Almost thirty attorneys and judges joined a discussion with former Maryland and District of Columbia Attorneys General, Brian Frosh and Robert Spagnoletti, about the wide-ranging issues faced by an Attorney General (AG), and the differences between their jurisdictions. The two former AGs spoke at the Maryland State Bar Association’s professional excursion in Puerto Rico on Wednesday. Frosh served Maryland from 2015 to 2023, and Spagnoletti served the District of Columbia from 2003 to 2006.
Opening with an overview of the differences between the two AG offices, Spagnoletti pointed out that nothing happens in the District’s AG office without considering the relationship with the federal government because the AG’s office is funded through the Congressional appropriations process, and shares representation of the city in many areas such as the prosecution of crimes with federal law enforcement. Further, the District’s AG is appointed by the mayor and approved by the District Council, whereas the Maryland AG is elected by statewide vote. Frosh commented that the Maryland AG is the only AG in the country that doesn’t have common law power, meaning that the office cannot bring actions based solely in common law and has to seek legislative or gubernatorial approval to do so.
In representing the interests of their jurisdictions and their residents, both former AGs stressed that their staff attorneys handled an amazing variety of issues – everything from bond issues to zoning, to real estate, family law, consumer protection law, commercial law, and more. Spagnoletti cited as an example that of the 750 employees in the DC AG’s office, 200 work on child support issues, which many people don’t realize is handled by the AG’s office. Frosh explained that being AG is essentially being “the people’s lawyer” and is a position that can be effective in helping those citizens who aren’t in a position to defend or help themselves against predatory practices.
A lively question and answer session began with a question to Frosh about what an AG can do to reduce gun violence in Maryland, particularly in Baltimore City. Frosh stated that when he was AG, he established an organized crime unit of eight attorneys who focused strategically on gun crimes in Baltimore City that were seemingly random, but upon deeper investigation, were often tied to drug or human trafficking. As a result, they obtained more than 400 convictions of organized crime members. Further, Frosh pointed to legislation he supported that passed in 2022 banning the sale or transfer of “ghost guns” without a serial number in Maryland, which have been increasingly the weapon of choice in gun crimes in Baltimore.
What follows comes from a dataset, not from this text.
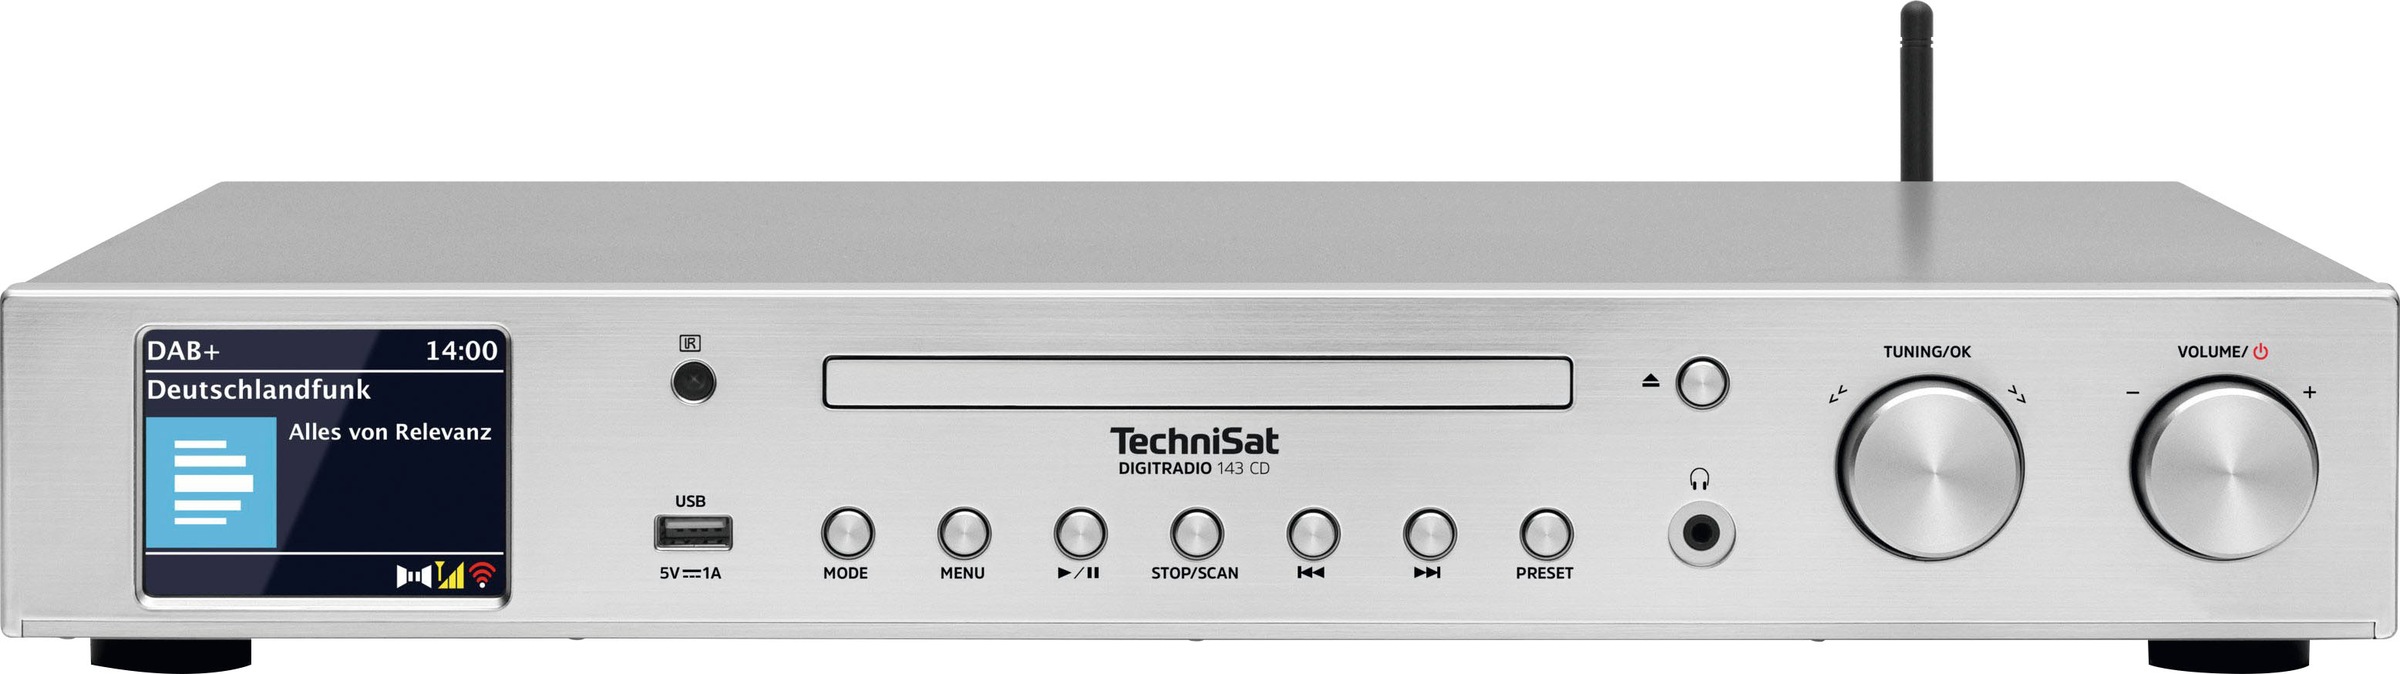 TechniSat Digitalradio (DAB+) »DIGITRADIO 143 CD (V3)«, (Bluetooth-WLAN Internetradio-Digitalradio (DAB+)-UKW mit RDS)

A question about the difference between an advice letter and an opinion letter from the AG’s office revealed similarities between the two jurisdictions. Both panelists shared that an advice letter is just that – a letter regarding an issue that is researched and provided by the AG’s office upon request. It doesn’t carry any legal precedent or evidentiary value – it is primarily informational. An opinion letter in either jurisdiction has been researched thoroughly over an extended period of time and is expected to be persuasive in court. Indeed, Spagnoletti observed that an AG’s opinion letter is the law until a court says otherwise.
Asked about how the decision is made to hire outside counsel, both former AGs advised that the need for outside counsel is common and could come about due to a lack of internal resources or a conflict of interest between the department and the opposing party. Both agreed that large actions such as the opioid settlement with AGs across the nation, often required assistance from outside firms due to the sheer number of attorneys needed to focus on one case that couldn’t be pulled from the daily representation of the State or District. Each office has a solicitation and procurement process that is utilized to vet and hire outside counsel.
Finally, it was noted that the MSBA and the MD Attorney General’s office had a strong relationship that was solidified during the pandemic with the creation of the Access to Justice Task Force, and former AG Spagnoletti was asked if a similar bond existed in the District, now that he was the executive director of the DC Bar. Spagnoletti emphasized that his Bar had a very strong relationship with the D.C. AG’s office and its focus on civil justice. As an example, he cited the fact that more than twenty thousand people in the District had received pro bono legal representation through his Bar’s membership, and mostly from D.C. and federal government attorney members. Frosh closed the hour-long conversation with a thank you to the Maryland bar for its partnership and support in helping the citizens of Maryland access the critical civil legal assistance they needed during his tenure.